I understand your question and it is a very interesting one. I think we will need Tesla to weigh in on this one to provide the real answer.


----------



## fsKotte

GregRF said:


> Your motor controller works by controlling a rotating magnetic field in the outer shell of the motor known as the stator. The part that actually rotates is the rotor. The rotor has steel and magnetic bits in it that are attracted to this magnetic field.
> 
> When you are applying positive torque, the magnetic field will rotate in a manner that leads the bits attracted to it giving the rotor power.
> 
> When you apply negative torque the rotating magnetic field will lag the attracted bits causing the rotor to try to slow and give you regeneration.
> 
> When you apply zero torque the rotating magnetic filed and rotor will spin in unison and give no power and no regeneration.
> 
> Does that help you visualize what is happening?

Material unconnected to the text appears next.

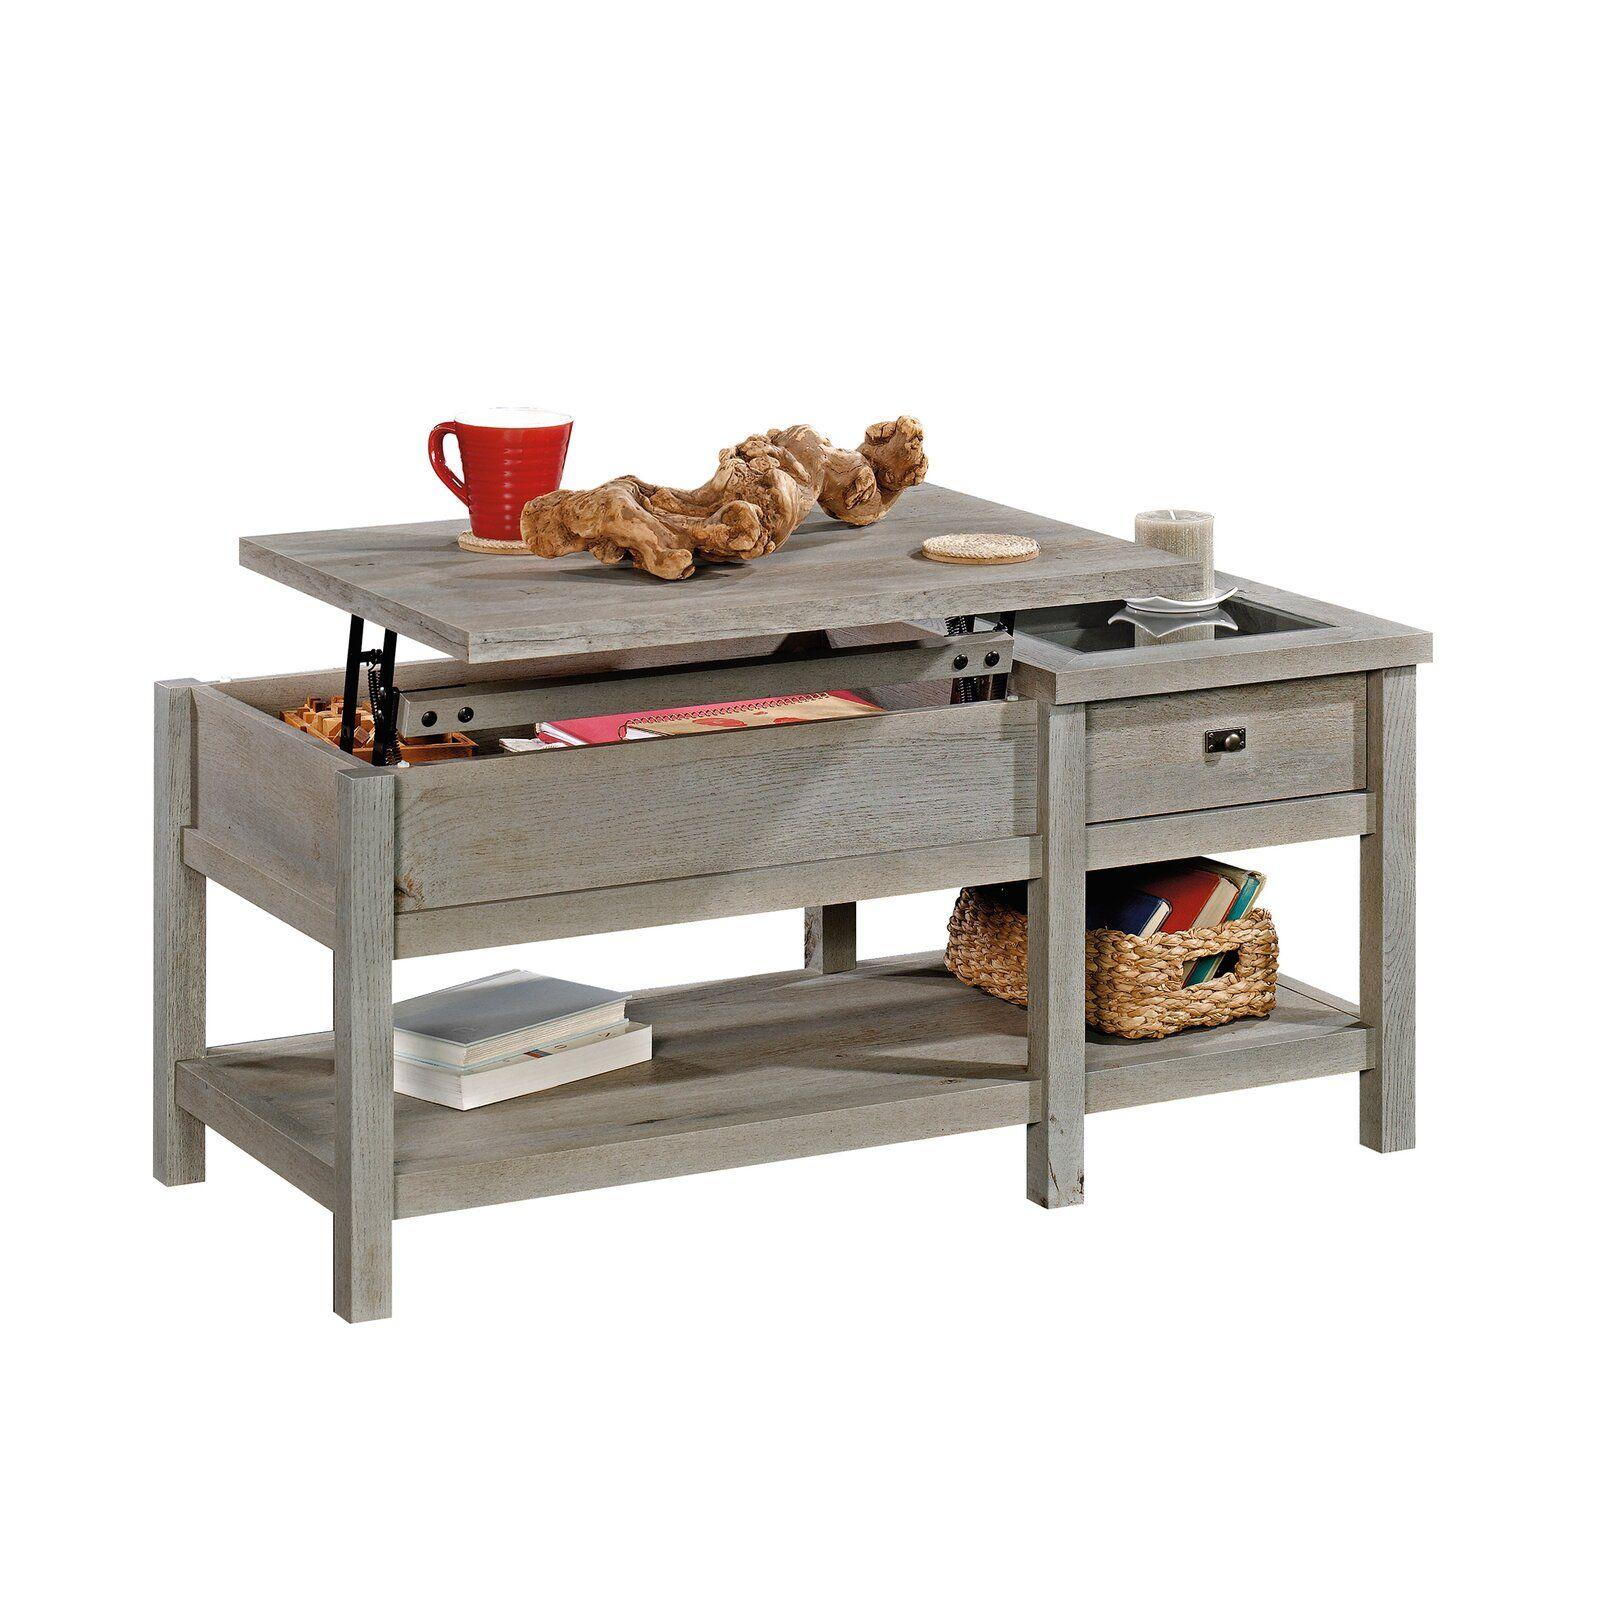 Highland Dunes Myrasol Coffee Table Wayfair Coffee Table Wayfair Coffee Table Cool Coffee Tables [ 1600 x 1600 Pixel ]

Thanks - Yes, I think that helps me visualize what's happening.

So Torque is the force that either accelerates the rotor's spin, or slows it. And this is manifest when you cause the stator's magnetic field to start to rotate faster than the rotor is turning at that moment (which is essentially the north/south polarity starting to switch faster in the stator), you're applying positive torque and the rotor spins faster to try to catch up to the faster rotation of the magnetic field in the stator. Or, the rotor slows down if the stator's magnetic field begins to rotate more slowly than the rotor's rotation at any given moment (negative torque). And so when the stator's magnetic field and the rotor rotate at exactly the same speed, no acceleration or deceleration occurs - zero torque state.

So then, would it be safe to say that setting your Model 3 to "standard (high) regen is essentially pre-setting the torque on the motor to some level of negative stator lag then, that must be initially overcome to start moving the rotor?

Another way of stating the question, maybe a better way to get at the heart of this:

When you switch your car from "low" to Standard (High) regen, what exactly has changed in the motor, or elsewhere in the car? Exactly what goes on in the drivetrain system (or the motor itself), in order to switch it from a "low" (low regen/resistance) mode to a "high" (or "standard") regen mode?

Is it that torque bias in the stator, or something like that? I don't think it's a mechanical event in the car, but I don't really know what is changing . . . .


----------



## GregRF

fsKotte said:


> When you switch your car from "low" to Standard (High) regen, what exactly has changed in the motor, or elsewhere in the car? Exactly what goes on in the drivetrain system, to switch it from a "low" (low regen/resistance) mode to a "high" (or "standard") regen mode?


The only change would be how the motor controller interprets the signal from the accelerator pedal position. In some manner it remaps the torque setting from the previous example of -3 to +10 to something like -1 to +10.

So the only change the drivetrain sees is the maximum value it is allowed to regenerate at, otherwise it operates the same.


----------



## fsKotte

GregRF said:


> The only change would be how the motor controller interprets the signal from the accelerator pedal position. In some manner it remaps the torque setting from the previous example of -3 to +10 to something like -1 to +10.
> 
> So the only change the drivetrain sees is the maximum value it is allowed to regenerate at, otherwise it operates the same.


Okay, so then indeed you must apply more energy to the motor in a "high regen" setting in order to first overcome that lag bias, before the rotor starts actually rolling forward and applying power, and moving the car . . . . is that right?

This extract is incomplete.